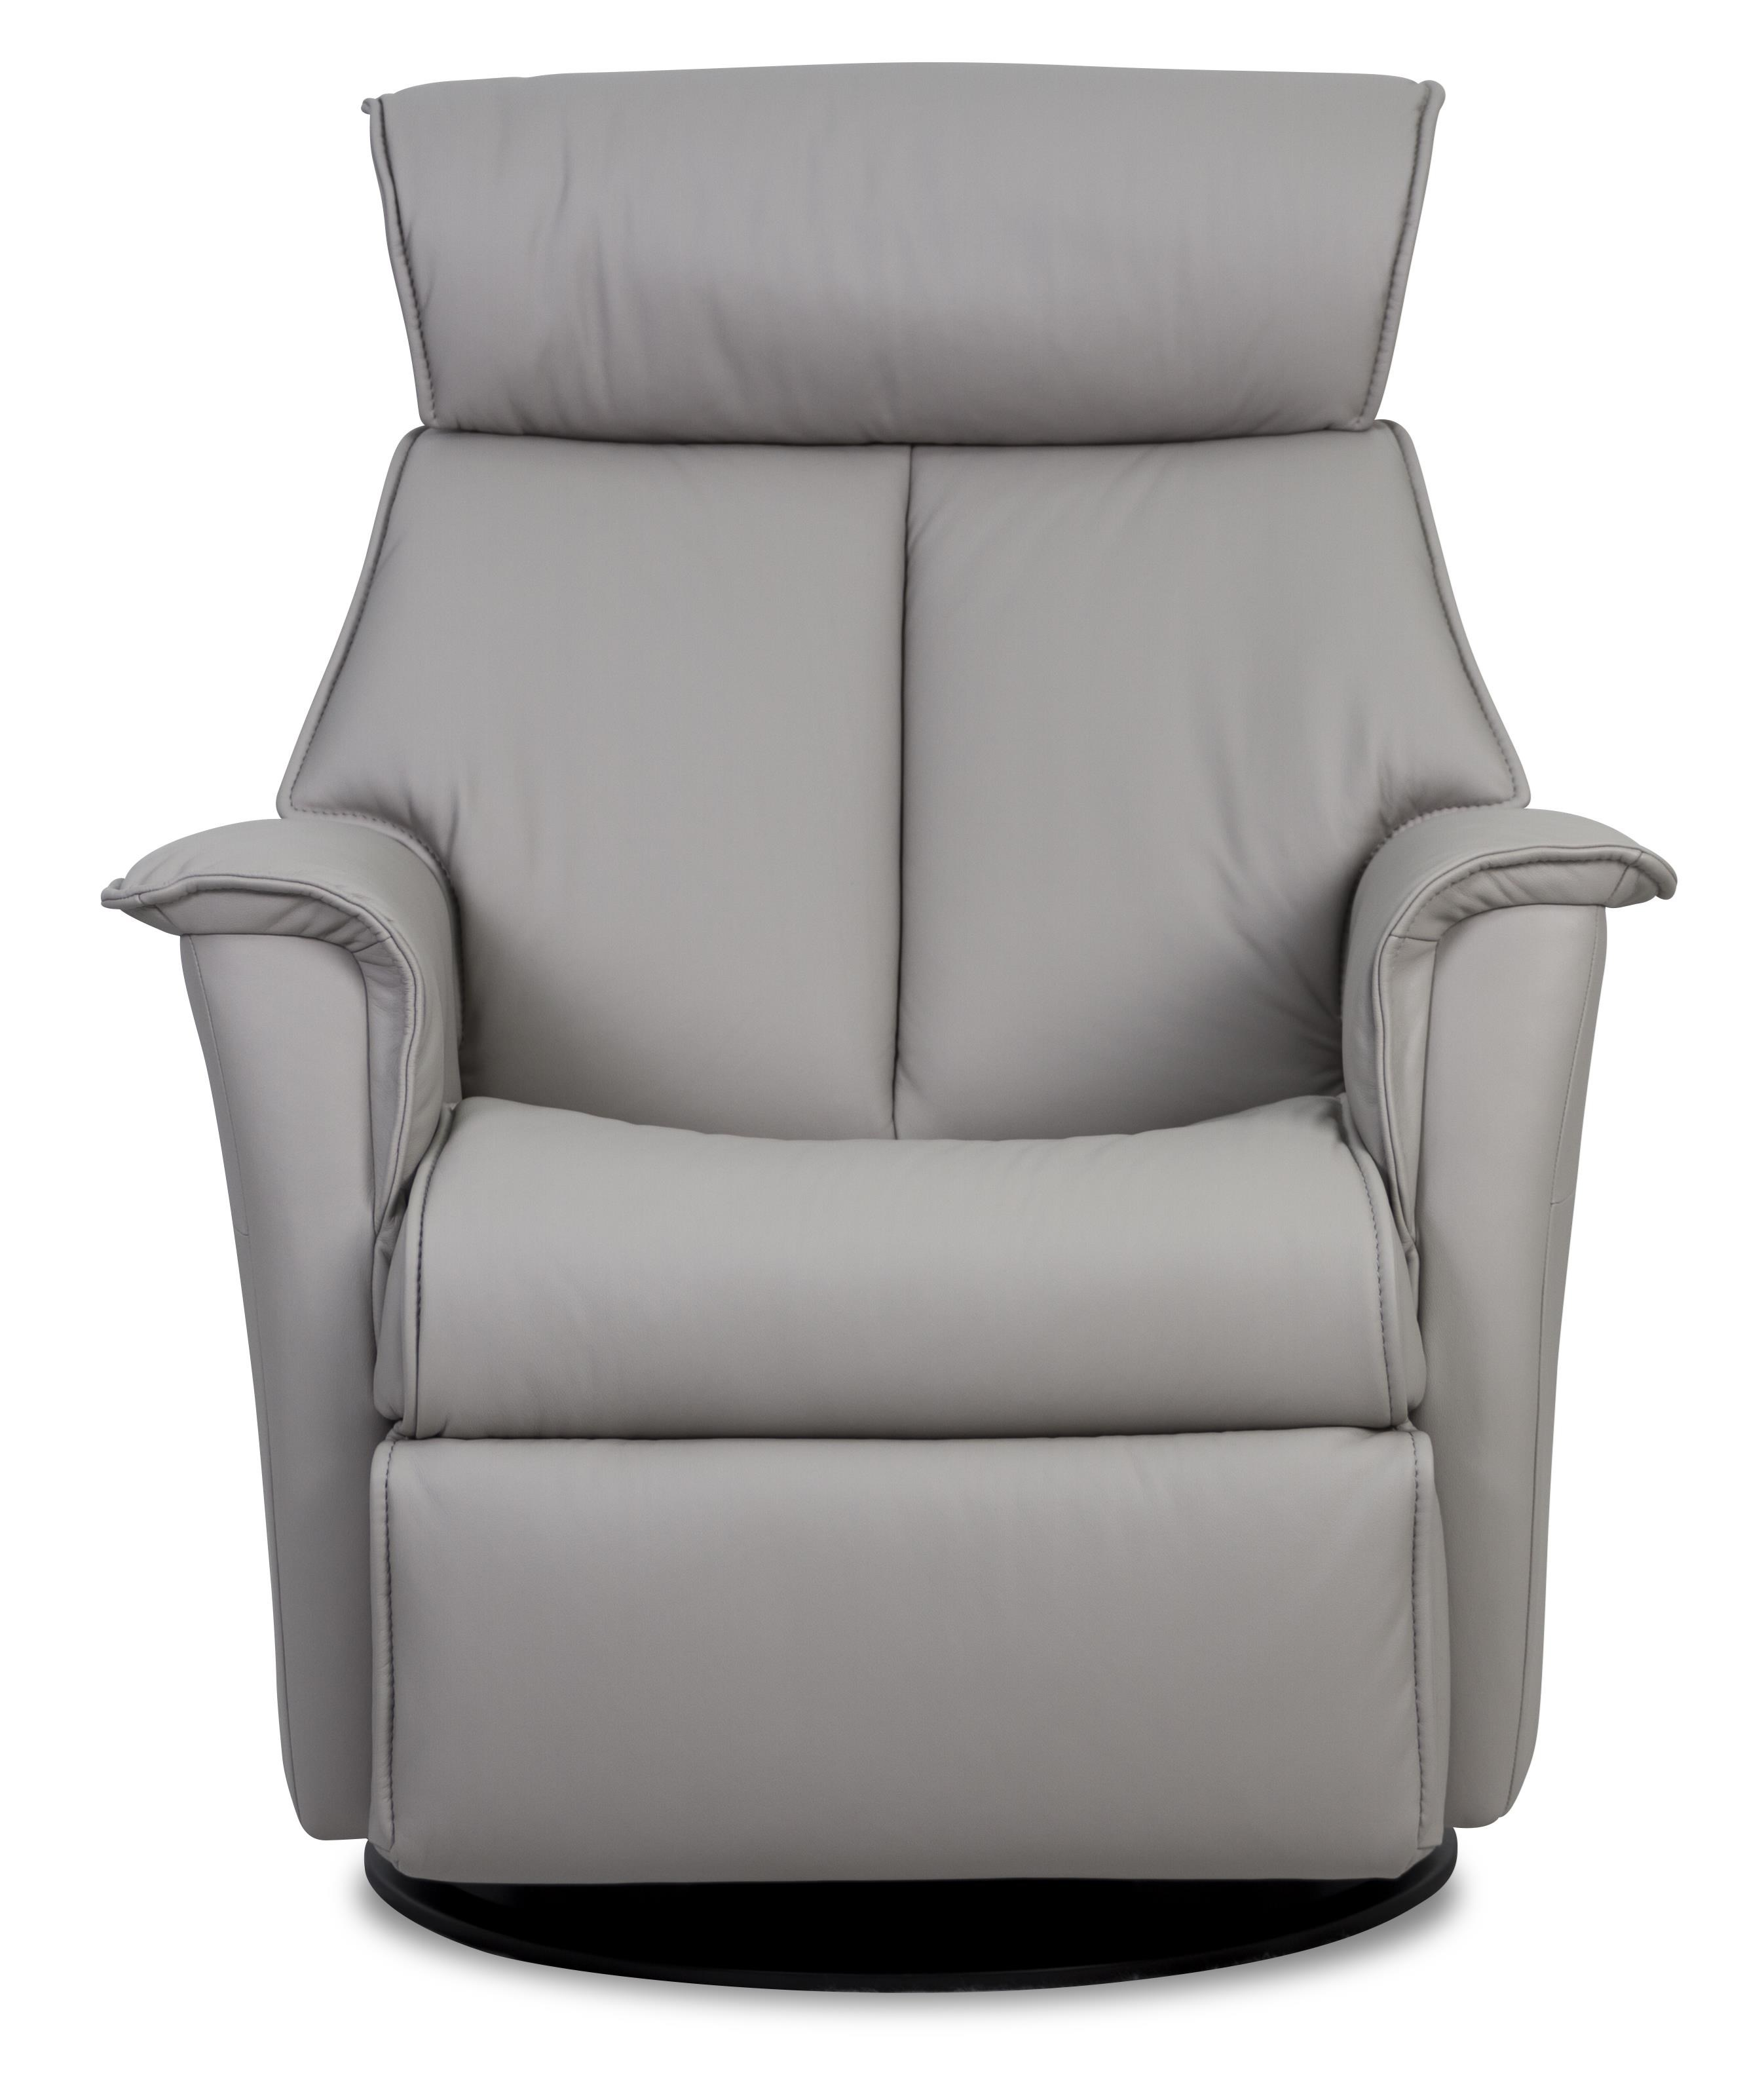 sofas hamilton ontario eq3 reverie sofa leather reclining made in canada brokeasshome
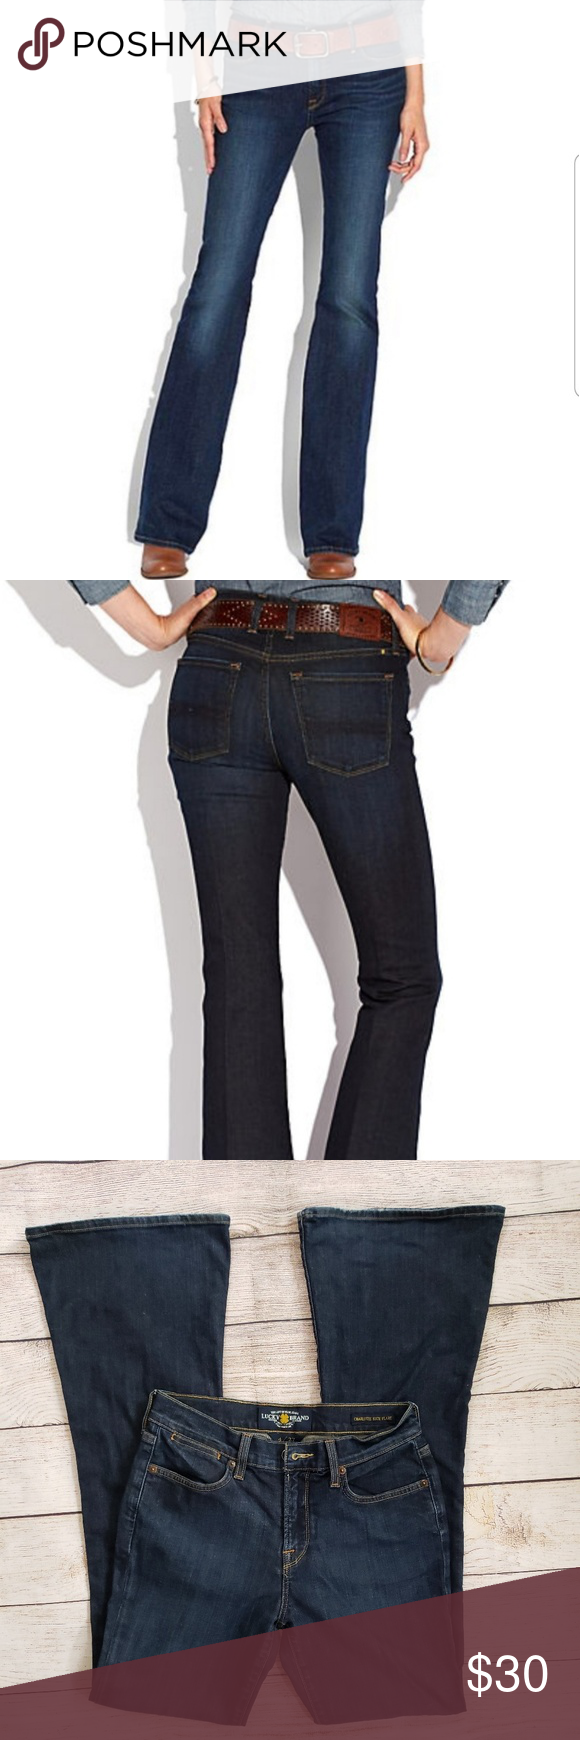 Lucky Brand Jeans Womens Charlotte Kick Flare Denim Jeans
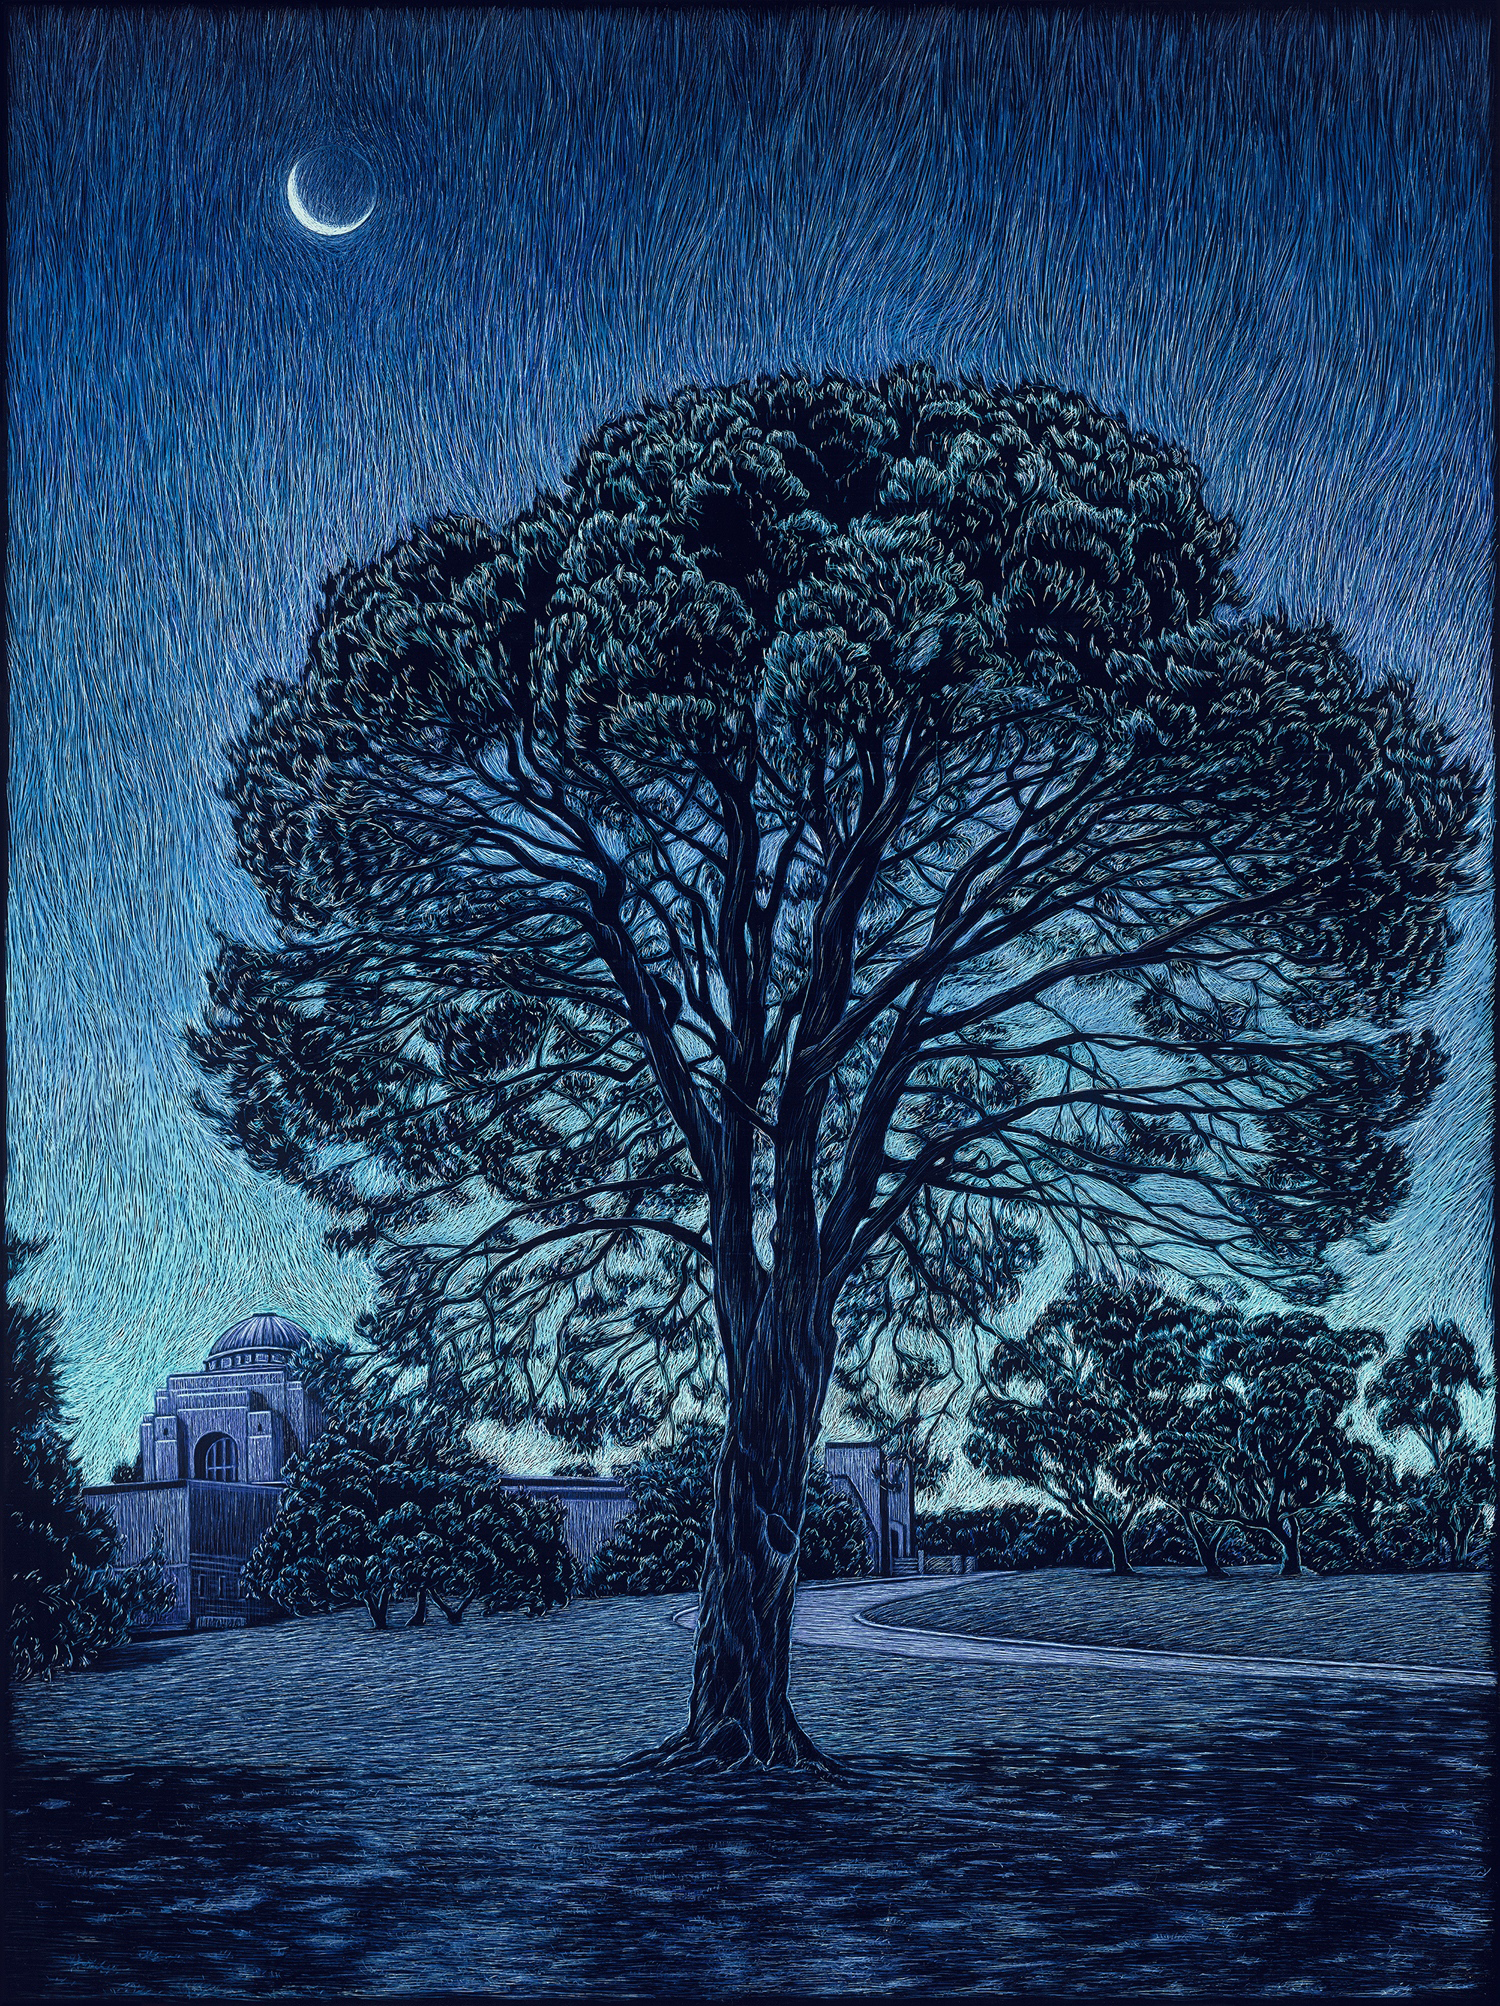 lone-pine-australian-war-memorial-engraving-rachel-newling.jpg

· · ·

▶ _Exercise aim_: Output the material above exactly, without pictures.

▶ _Task output_:
 sofas hamilton ontario eq3 reverie sofa leather reclining made in canada brokeasshome
 Lucky Brand Jeans Womens Charlotte Kick Flare Denim Jeans
 lone-pine-australian-war-memorial-engraving-rachel-newling.jpg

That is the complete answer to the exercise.